The auto buzzed off in top speed as the hills circled us. The roads were bumpy and narrow and virtually empty. We drove down the charming village of Anegundi, a lively settlement with a few mahals and monuments like the Gagan Mahal.

The Ramayana connection

We left the village behind us and stopped at the many gates of the fortified town to take photographs. The auto veered past lush fields as Virupaksha spoke about his career as a guide with an auto rickshaw. He rattled off names of celebrities who had sought his services and in between he gave us some history of Anegundi. Besides the Ramayana connection, pilgrims consider it holy as the Pampa Sarovar flows here.  Even today, the royal descendants of the Vijayanagar empire are believed to reside here in this village.
The houses gave way to fields as we continued chugging around. But for the occasional nomads and their herd of horses, we encountered neither a bullock cart nor another vehicle. We learnt that we were headed to the Durga temple and the Anegundi Fort entrance.
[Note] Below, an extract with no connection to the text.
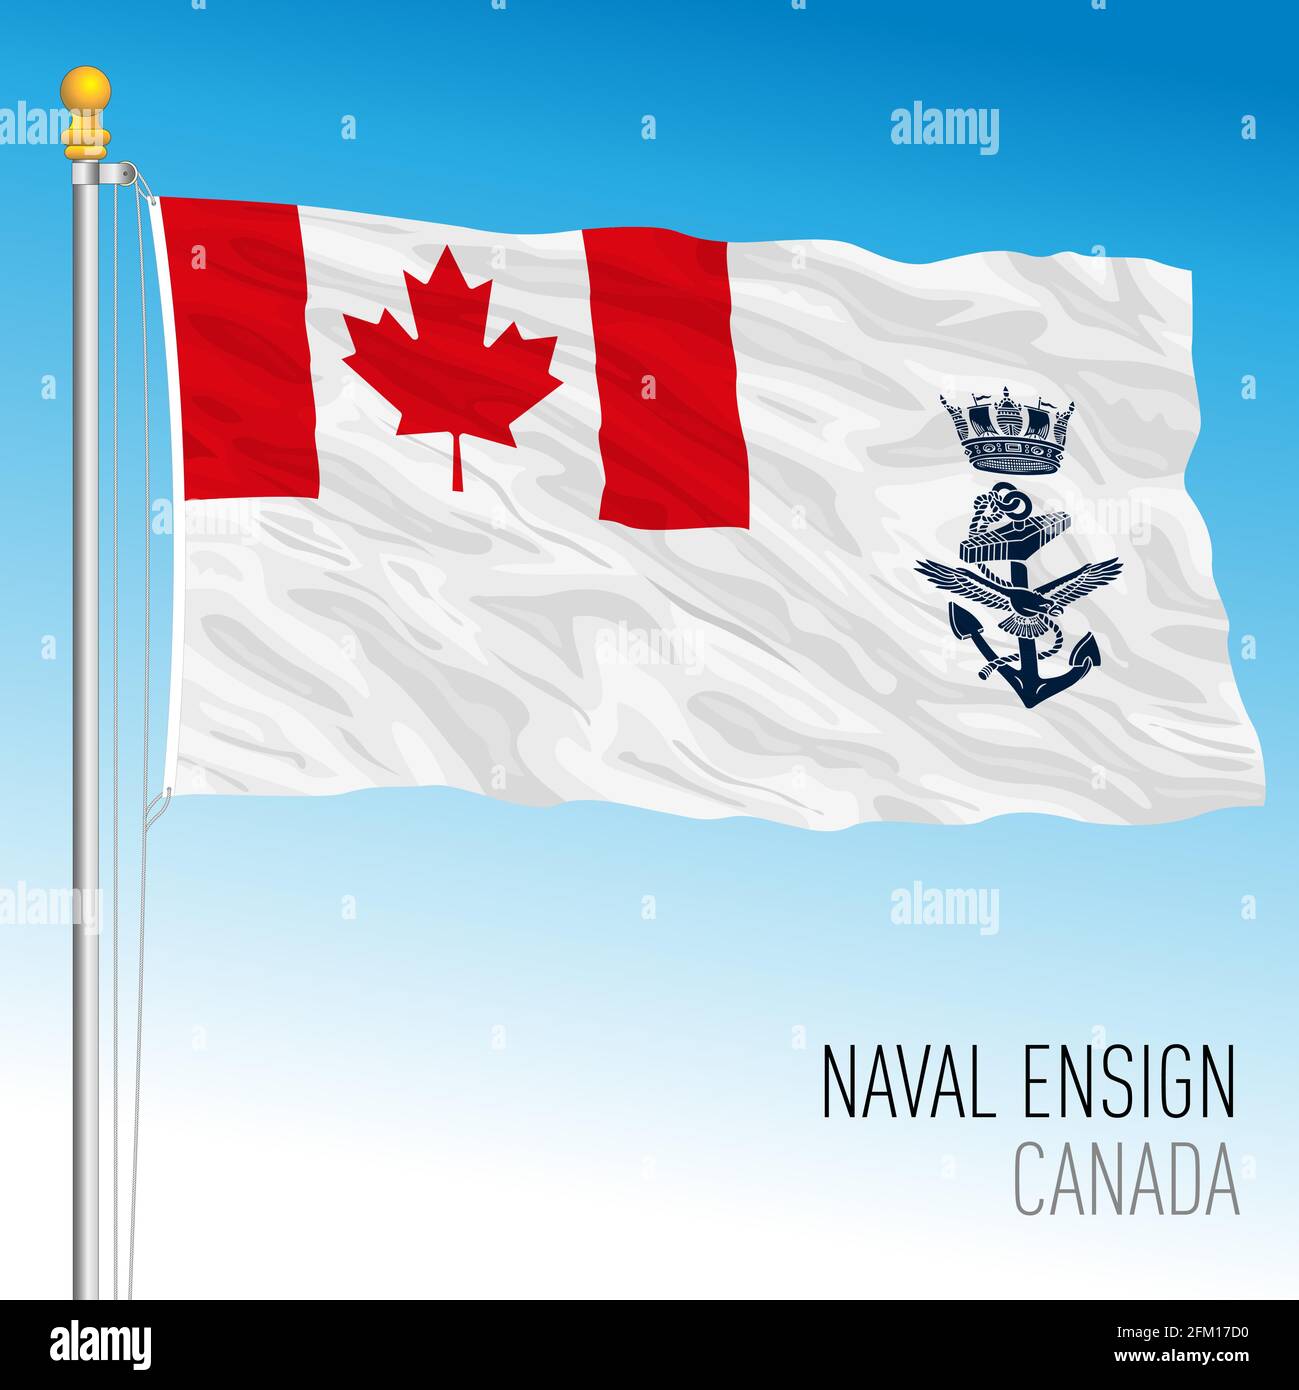 Canadian Navy flag, Canada, north american country, vector illustration Stock Vector

We slowly left the plains and followed the curves of the road and drove uphill. The boulders looked much closer as I realised that this was the first time I was driving up a hillock in an auto. There was no one in sight – just the bare landscape and us in a lone rickshaw.  After almost half an hour, we stopped at the foothill of a hillock. A long flight of steps led to a quiet unassuming Durga temple where a couple of dogs were lying around. The walls of the courtyard were painted with signs of ‘Om’ and an old man looked at me rather curiously. I struck a conversation with him in Kannada assuming he was the caretaker of the temple, but all that he seemed to understand was the word “photo.” Virupaksha later told me that he was the cook’s helper and that he could not speak a word of Kannada.

We climbed further up and reached the ruins of the fort and its many gates.  Tombs lay scattered around. We saw a cave temple dedicated to Ganesha. “The Vijayanagar kings used to come to the Durga temple and pray before every battle,” explained  Virupaksha,  and then they went  to the holy Pampa Sarovar lake and the Lakshmi temple there, located further up the hill.”
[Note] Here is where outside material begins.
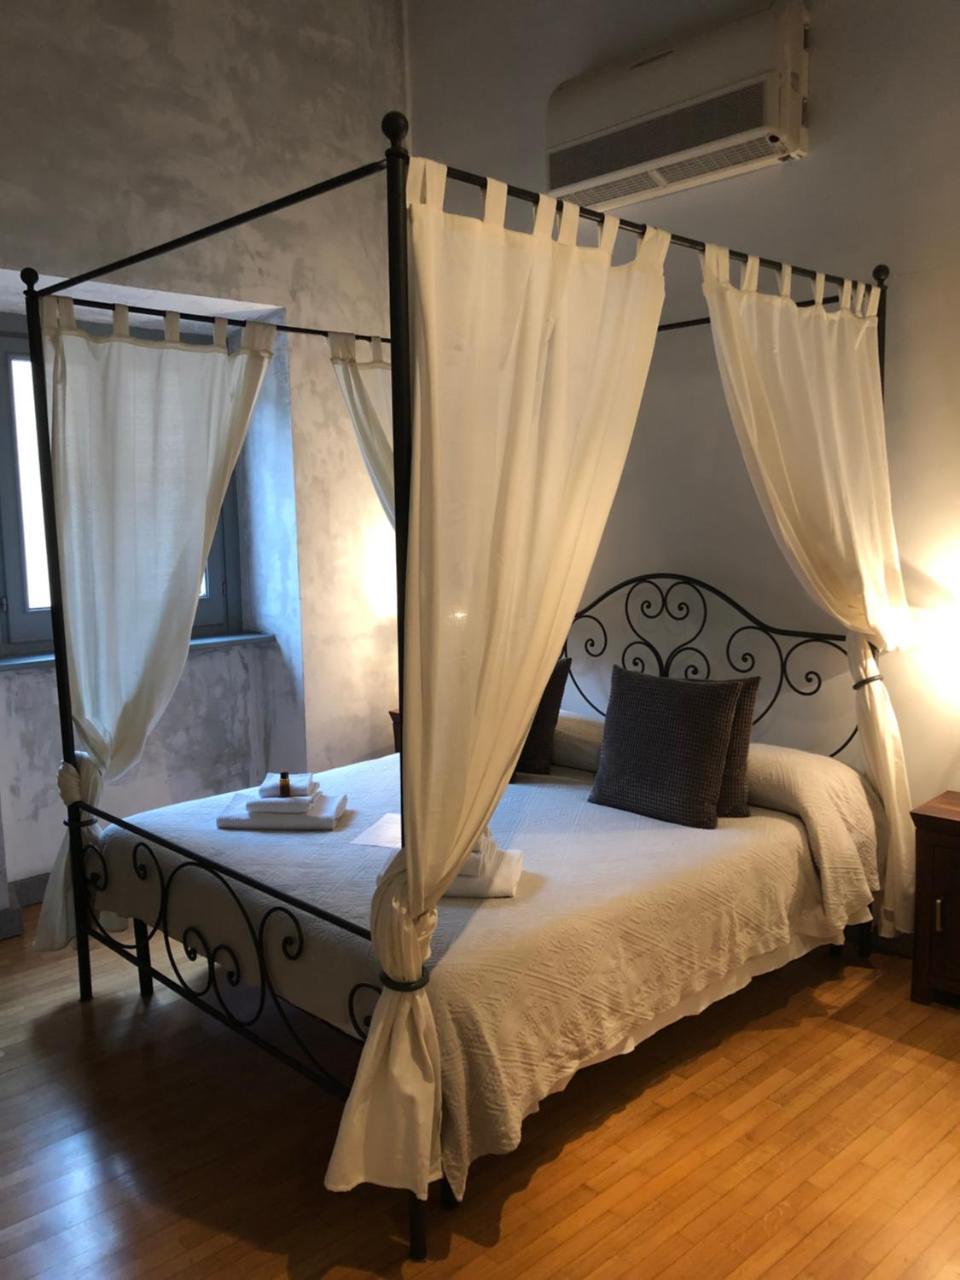 Piazza Del Popolo Rooms 로마 외부 사진

Virupaksha added that the Pampa Sarovar dedicated to Shiva and his consort Pampa or Parvati was also featured  in the Ramayana, where Sabari, a devotee met Rama. The legends of Ramayana seemed all-pervading around Anegundi.  

Rock art

The auto kick-started again and this time, we drove outside Anegundi to a prehistoric settlement called Onake Kindi.  We stopped in front of some paddy fields and climbed our way through a steep narrow pathway in a rocky terrain. The path led us to a wide plateau of tall grass, where we found ourselves ringed in by hillocks. There was no one in sight.

But we walked through the grass towards the boulders until Virupkasha pointed out to some rock art in one of them. We found a rock with some red and white markings, which had some stick figures of humans and some animals like the bull.

In another boulder was a circular diagram which looked like drawings of sun and moon, but we could not figure out the symbolism behind it.

I later learnt from Professor Ravi Korisettar from  the Department of  History and Archaeology of the Karnatak University that the rock painting belonged to the Iron Age, somewhere around the period of about 1500 BC and that the faded circular painting was a very rare depiction of a megalithic style of burial.” If you look closely, you can see a human body in the middle and a lot of burial goods, surrounded by a  stone circle,” he said. But at that moment, I had not understood the significance of the paintings when I had seen those crude red sketches on the rocks.

I learnt more that day, an entire site of megalithic dolmens was located further up in the hills called Mourya Mane.

Virupaksha meanwhile was giving me his own interpretations as we sat for a while in the fields and looked up at the mountains. My three-hour trip was almost ending and I knew it was time to hit the road again. I closed my eyes for a moment and a montage of images from the trip swept past by me. I saw forts and palaces, old isolated temples, saffron-clad sadhus, lost lovers in the ruins, lush fields ...and realised Anegundi is indeed ageless.

It has a mysticism  that can neither be explained nor explored. When I opened my eyes, I  found a lone auto waiting in the middle of an empty road to take me back to Hampi.